If you don’t have time to constantly sit at your computer or constantly get your phone out to monitor the state of the market, then this strategy is right for you!
This strategy works on all timeframes.
Optimal timeframe: 1 hour
Optimal settings for moving averages (for 1H timeframe):
- first pair (slow): 100 and 50
- second pairs (fast): 21 and 12
What can be seen on the chart and how to interpret it:
- The first pair (slow) shows the global trend.

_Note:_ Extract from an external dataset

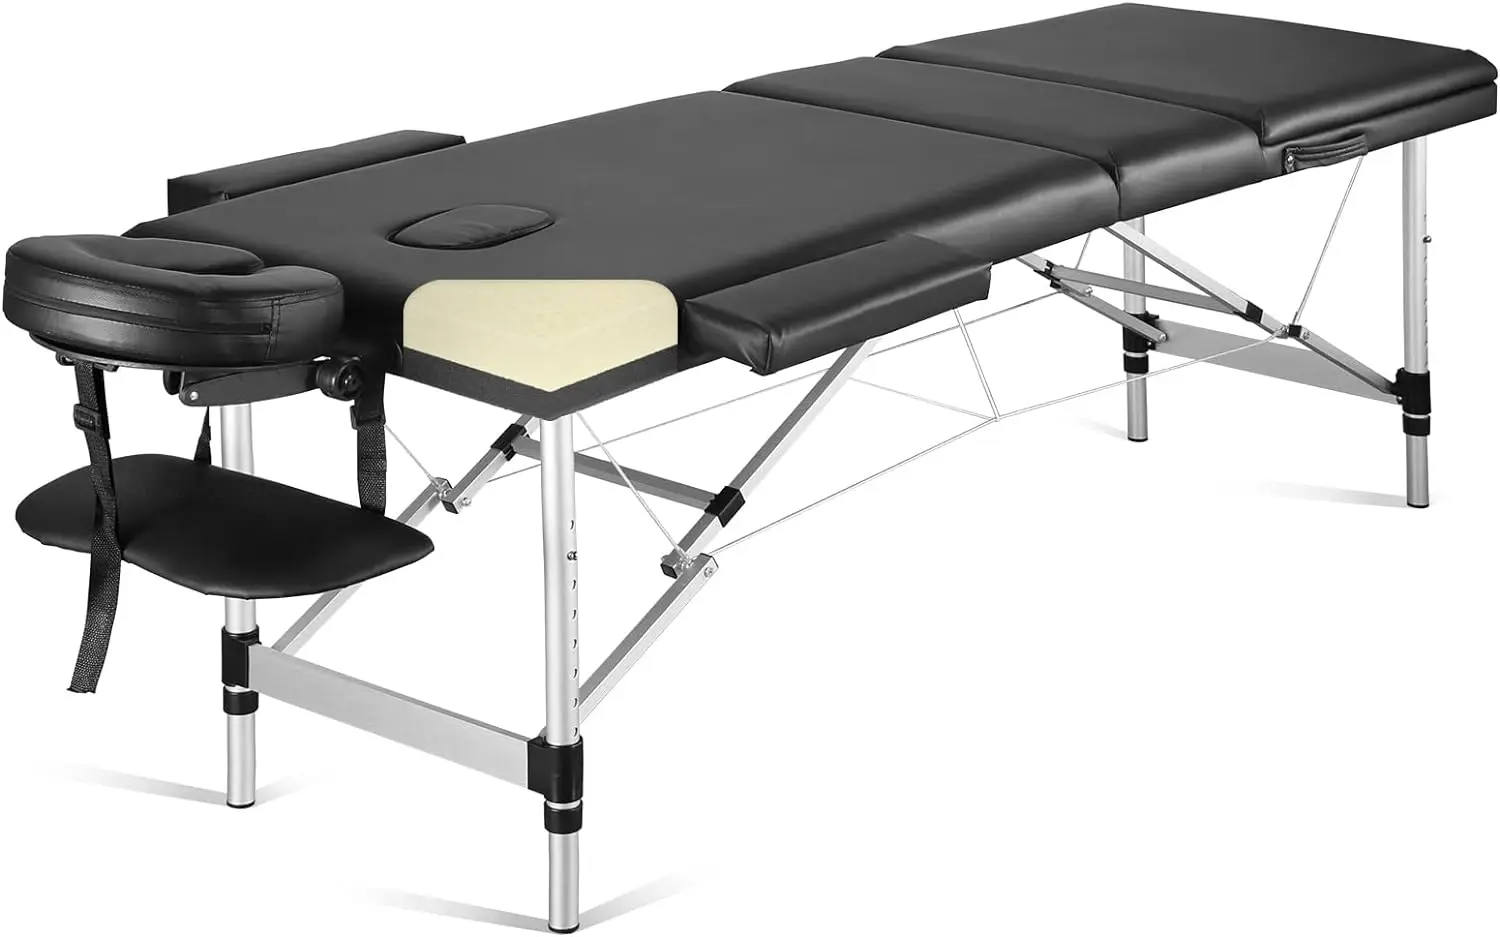 Careboda Portable Massage Table Professional Massage Bed 3 Fold 82 Inches Height Adjustable for Spa Salon Lash Tattoo with Alumi

Any crosshairs 100 and 50 indicate a change in trend (should be distinguished when the intersection
- changes the trend
- stops the trend
- false intersection of averages – rather flat
- The crosshairs of the second pair of moving averages (two fast) show the change in movement within the global trend and are the exit point
You need to enter buy/sell when:
- two slow moving averages in the first pair are crossed
- two moving averages in the second pair crossed in the same direction as the averages of the first pair
On this chart, you can safely buy more every time, since in both cases the stop loss is very short. With a strong trend (the distance between the slow averages expands and remains so for a long time). In this case, the purchase has a very high probability of a positive outcome.
The same as in the previous example, only for sale.

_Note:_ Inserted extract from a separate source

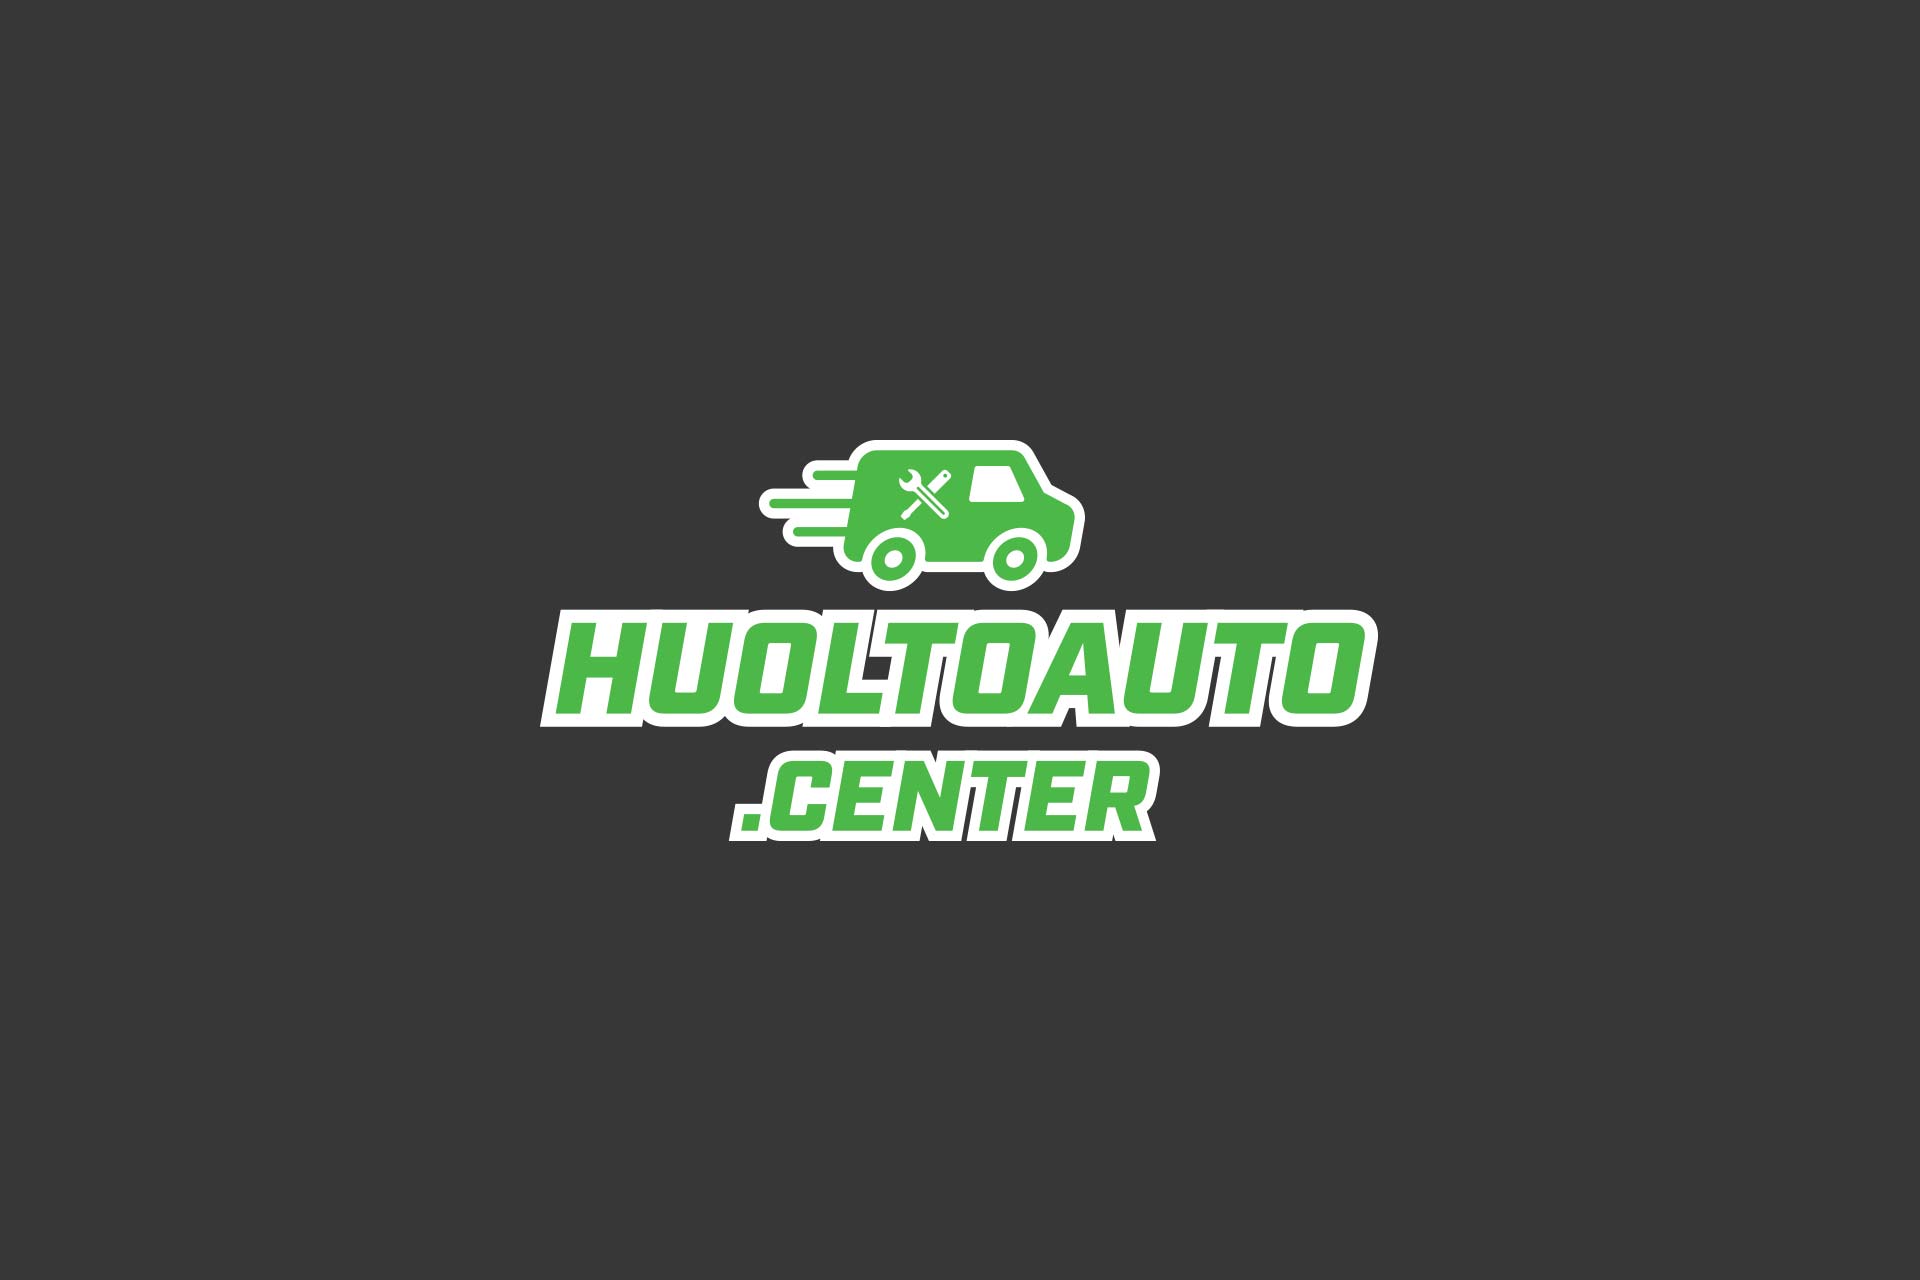 Huoltoauto Center logo

In both examples, it is clearly seen that the slow moving averages crossed and for a long time are at a great distance from each other and the distance only increases. This says that the global trend is very strong.

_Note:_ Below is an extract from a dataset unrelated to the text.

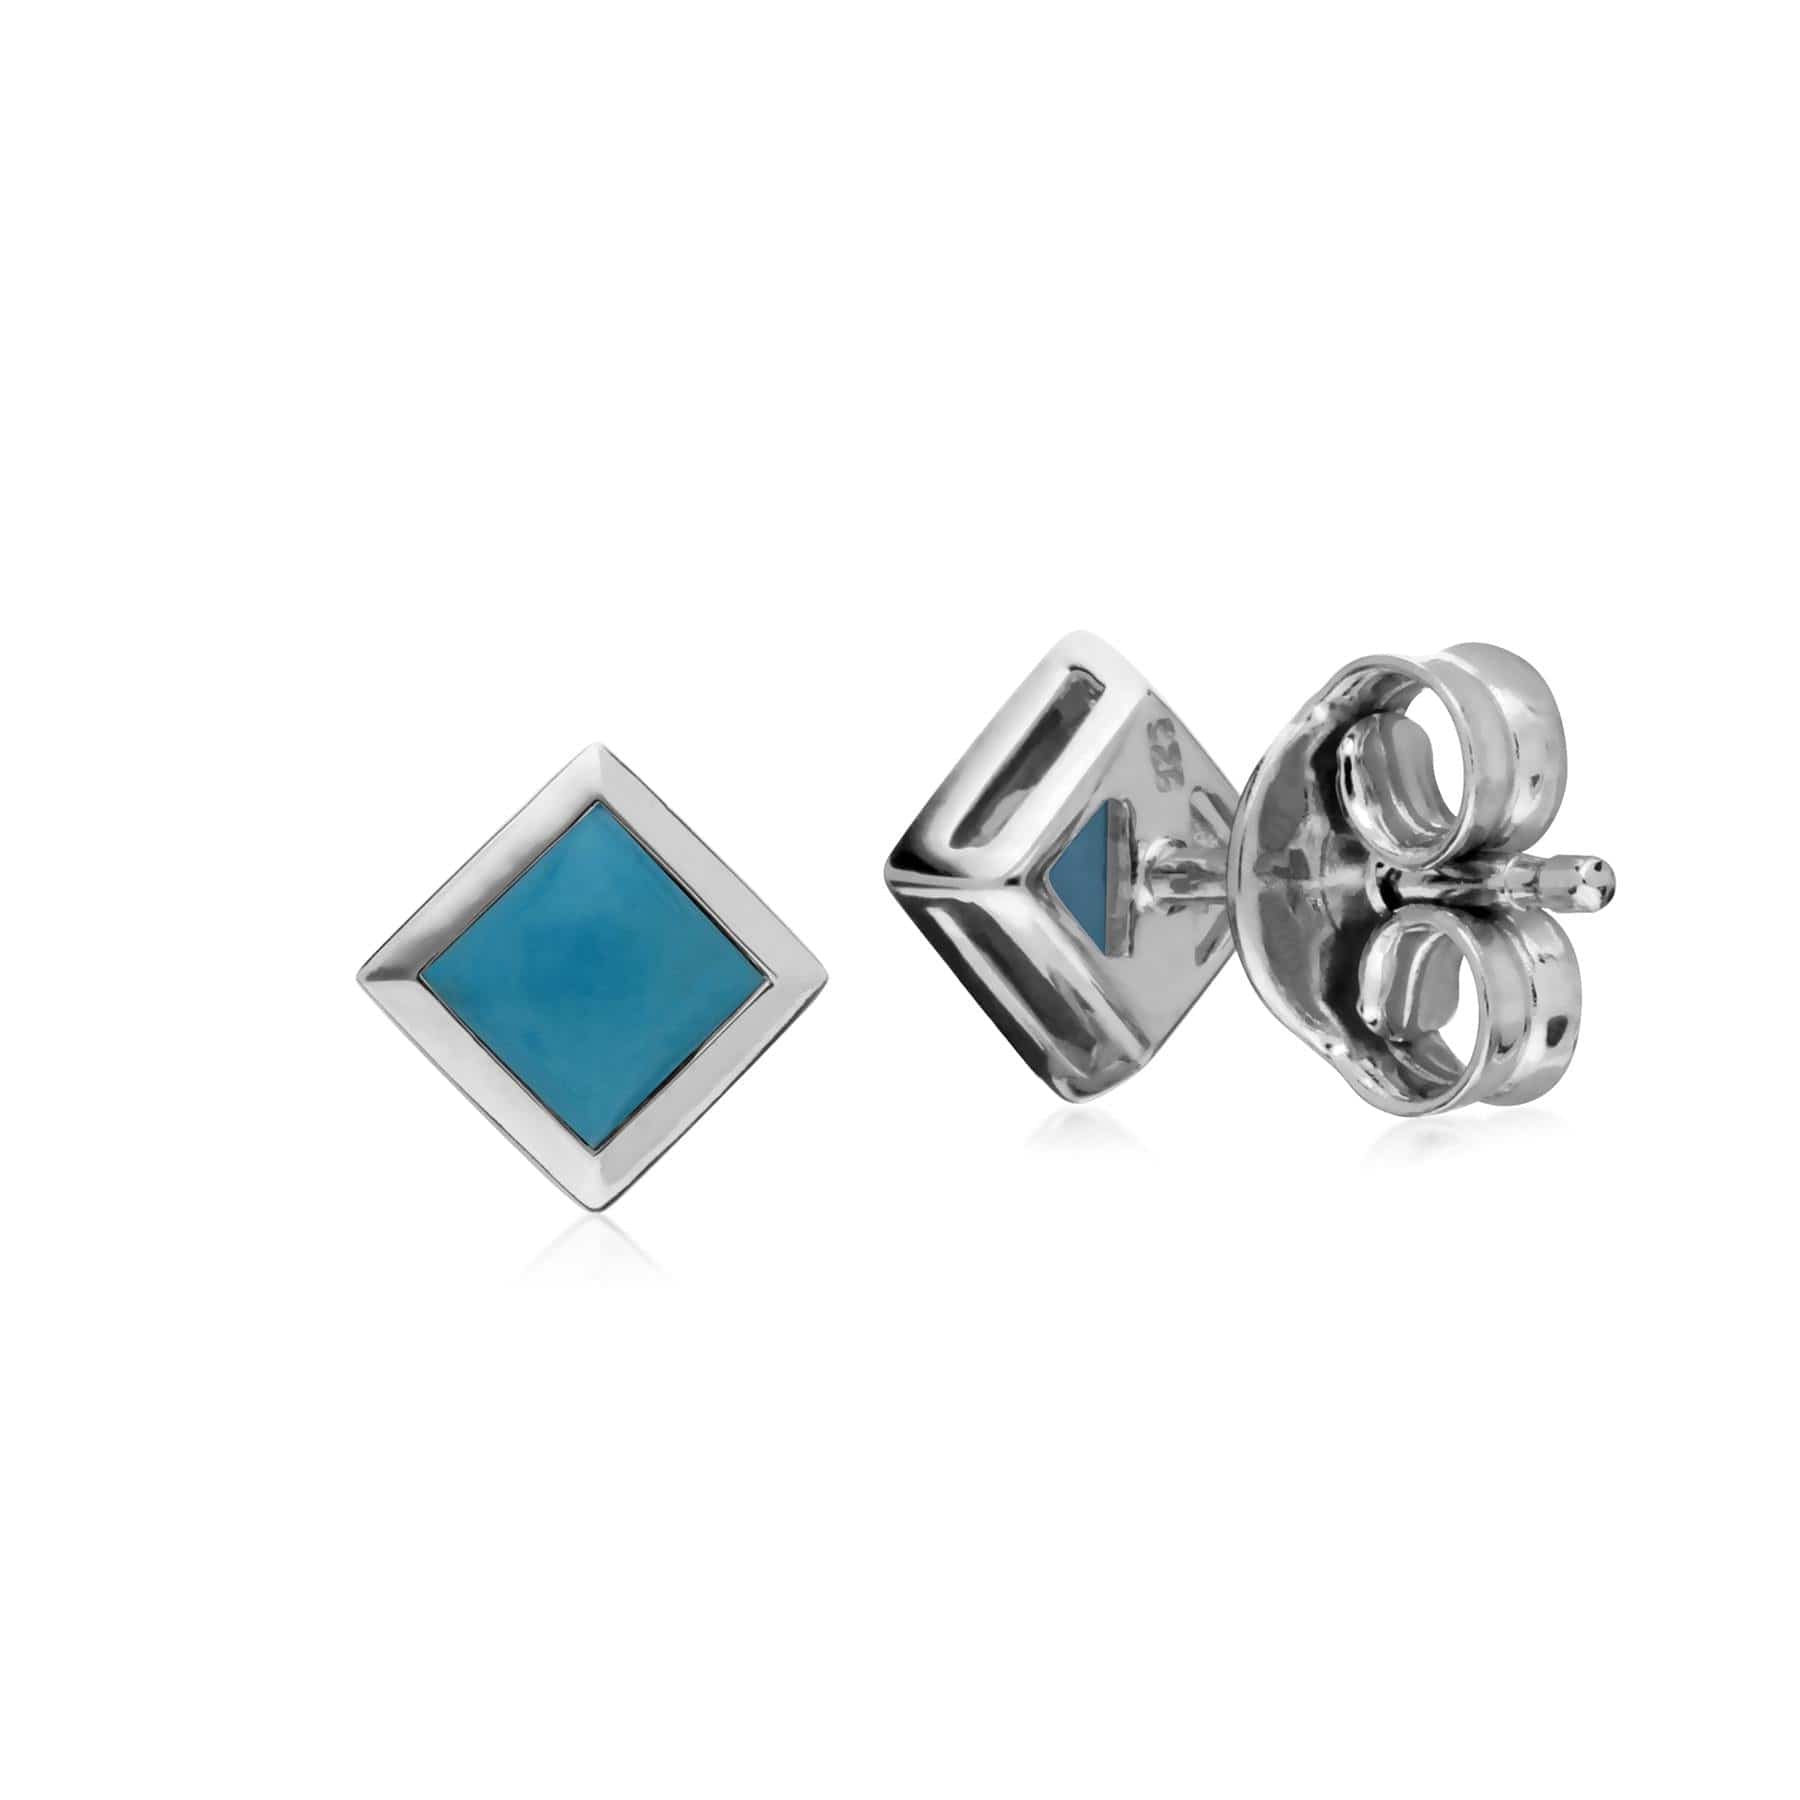 Classic Square Turquoise Bezel Stud Earrings in 925 Sterling Silver - Gemondo

After a while, when the price rolled back, fast moving averages crossed in the slow direction (indicated by red square) – this is a sell signal with the highest probability of a positive outcome.
The idea of using this strategy is very simple: Trend is my friend! It is necessary to wait for the situation when two intersections in two pairs occur one after another. Therefore, you need to wait until the global trend rolls back and continues its movement in the same direction.
For example: moving averages in the first pair crossed down (a downtrend), moving averages in the second pair crossed down (a pullback and continued movement).
The positive side of this strategy is that when the intersection of fast averages formed (usually this is a pullback), then the top / bottom formed, and this is a short stop loss!
You need to exit when the opposite situation arises. That is, if you entered an increase (the intersection of slow and fast averages up), then you need to wait for the fast to cross down (enough to stop only the fast ones to exit).
Exception: when you do not need to enter
The market is an amazing “organism” that changes to wriggle and spin to spin so that it is not clear what is on his mind. Although this is not necessary to know! One must act in this uncertainty and earn, adapt and earn!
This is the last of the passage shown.